Ecosyste.ms: Awesome

An open API service indexing awesome lists of open source software.

Awesome Lists | Featured Topics | Projects

https://github.com/shfshanyue/markdown-read

Read markdown from URL
https://github.com/shfshanyue/markdown-read

markdown

Last synced: about 21 hours ago
JSON representation

Read markdown from URL

Awesome Lists containing this project

README

        

# Markdown Read

[![npm version](https://img.shields.io/npm/v/markdown-read.svg)](https://www.npmjs.com/package/markdown-read)
[![GitHub issues](https://img.shields.io/github/issues/shfshanyue/markdown-read.svg)](https://github.com/shfshanyue/markdown-read/issues)
[![GitHub stars](https://img.shields.io/github/stars/shfshanyue/markdown-read.svg)](https://github.com/shfshanyue/markdown-read/stargazers)
[![npm downloads](https://img.shields.io/npm/dm/markdown-read.svg)](https://www.npmjs.com/package/markdown-read)
[![TypeScript](https://img.shields.io/npm/types/markdown-read.svg)](https://www.npmjs.com/package/markdown-read)
[![node version](https://img.shields.io/node/v/markdown-read.svg)](https://www.npmjs.com/package/markdown-read)
[![code size](https://img.shields.io/github/languages/code-size/shfshanyue/markdown-read.svg)](https://github.com/shfshanyue/markdown-read)
[![install size](https://packagephobia.now.sh/badge?p=markdown-read)](https://packagephobia.now.sh/result?p=markdown-read)
[![npm bundle size](https://img.shields.io/bundlephobia/min/markdown-read.svg)](https://bundlephobia.com/result?p=markdown-read)
[![npm bundle size](https://img.shields.io/bundlephobia/minzip/markdown-read.svg)](https://bundlephobia.com/result?p=markdown-read)
[![dependencies](https://img.shields.io/badge/dependencies-2-brightgreen.svg)](https://github.com/shfshanyue/markdown-read/blob/master/package.json)
[![tree shaking](https://badgen.net/bundlephobia/tree-shaking/markdown-read)](https://bundlephobia.com/result?p=markdown-read)

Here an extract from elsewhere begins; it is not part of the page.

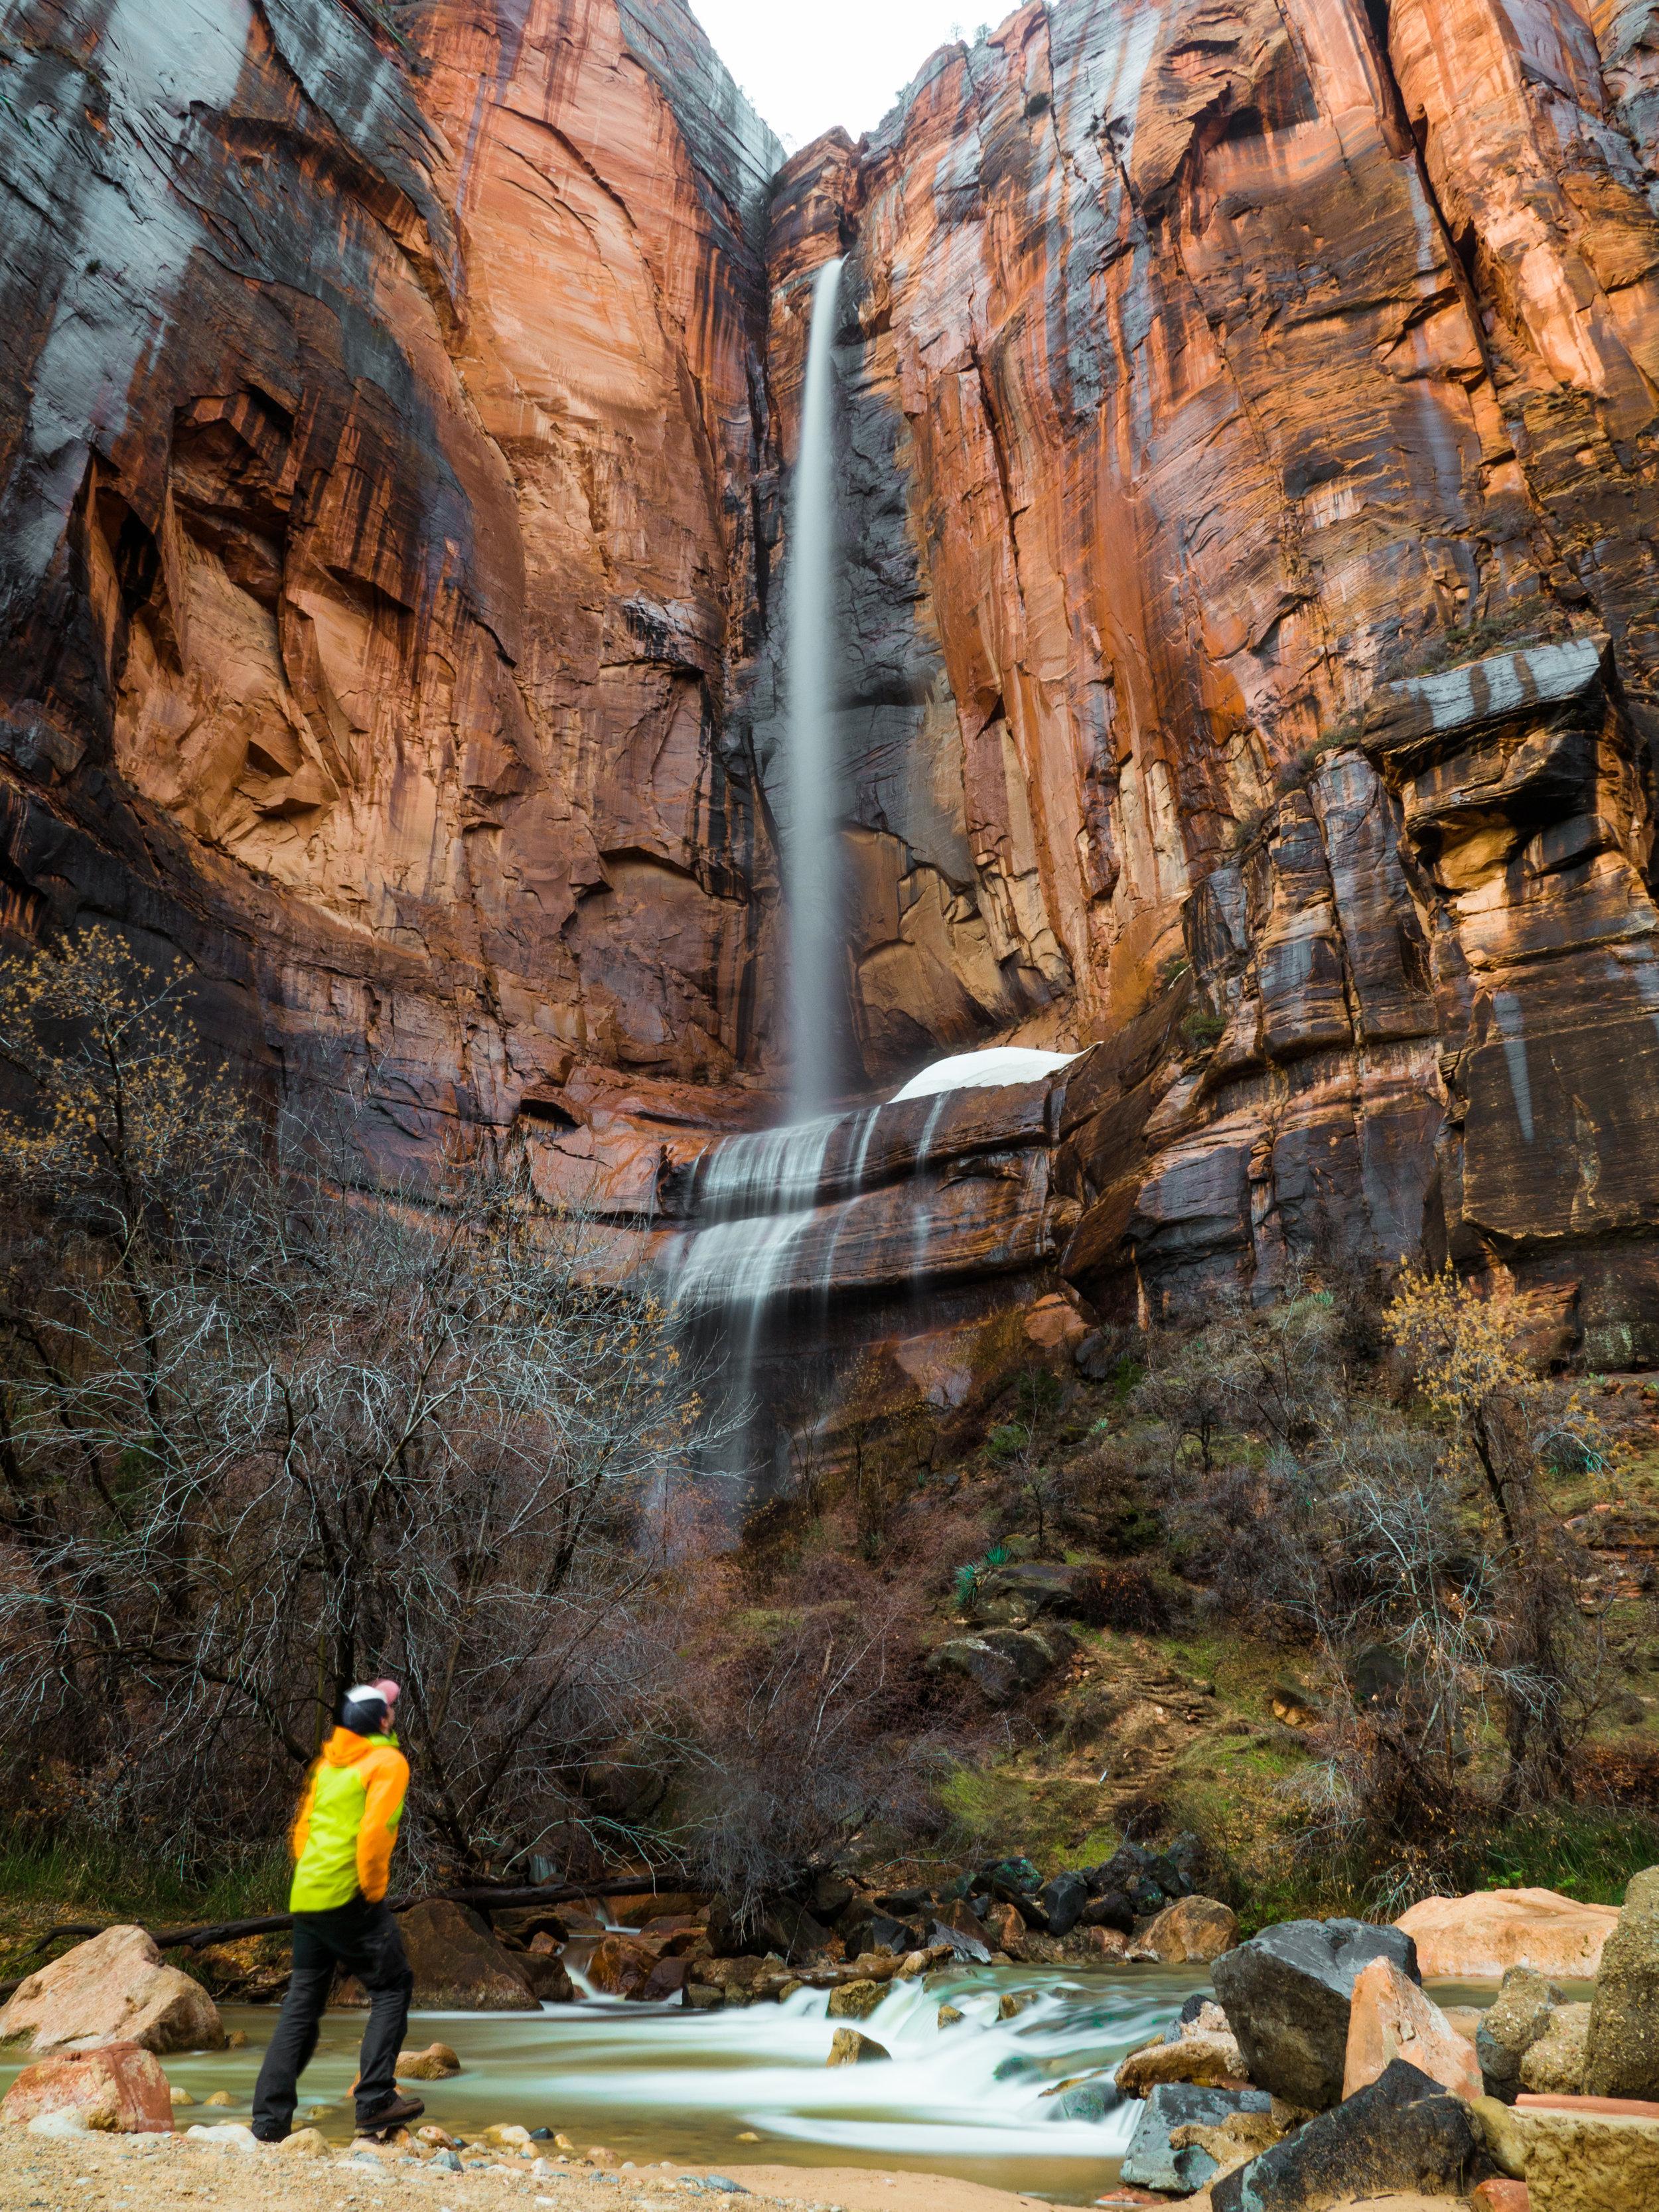 Waterfalls Popping

Convert any URL to Markdown.

[Try it online: HTML To Markdown](https://devtool.tech/html-md)

## Tech Stack

+ `@mozilla/readability` for read meaning html
+ `turndown` for html to markdown
+ `jsdom` for parse html

## Usage

You will need Node.js installed on your system, then install it globally.

``` bash
$ npm i -g markdown-read

# Turn current page to markdown
$ markdown https://example.com
## Example Domain

This domain is for use in illustrative examples in documents. You may use this domain in literature without prior coordination or asking for permission.

[More information...](https://www.iana.org/domains/example)
```

### Options

- `--header`: Add custom headers to the request. This can be useful for setting user-agent strings or other HTTP headers required by the target website.

Example:

``` bash
$ markdown https://httpbin.org/get --header 'User-Agent: Markdown Reader'
```

## API Reference

### `markdown(url: string, options?: MarkdownOptions): Promise`

Converts a web page to Markdown format.

- `url`: The URL of the web page to convert
- `options`: Optional settings for document retrieval and Markdown conversion
- `headers`: Additional headers to include in the request
- `fetcher`: Custom function to fetch the HTML content
- All options from `TurndownOptions` are also supported

Returns a Promise that resolves to a `MarkdownContent` object or `null` if conversion fails.

#### MarkdownContent

The `MarkdownContent` object extends `ReadabilityContent` and includes:

- `markdown`: The converted Markdown content
- `length`: The length of the Markdown content
- `url`: The original URL of the web page

### `turndown(html: string, options?: TurndownOptions): string`

Converts HTML content to Markdown.

- `html`: The HTML string to convert
- `options`: Optional settings for Turndown conversion. These options will override the default settings.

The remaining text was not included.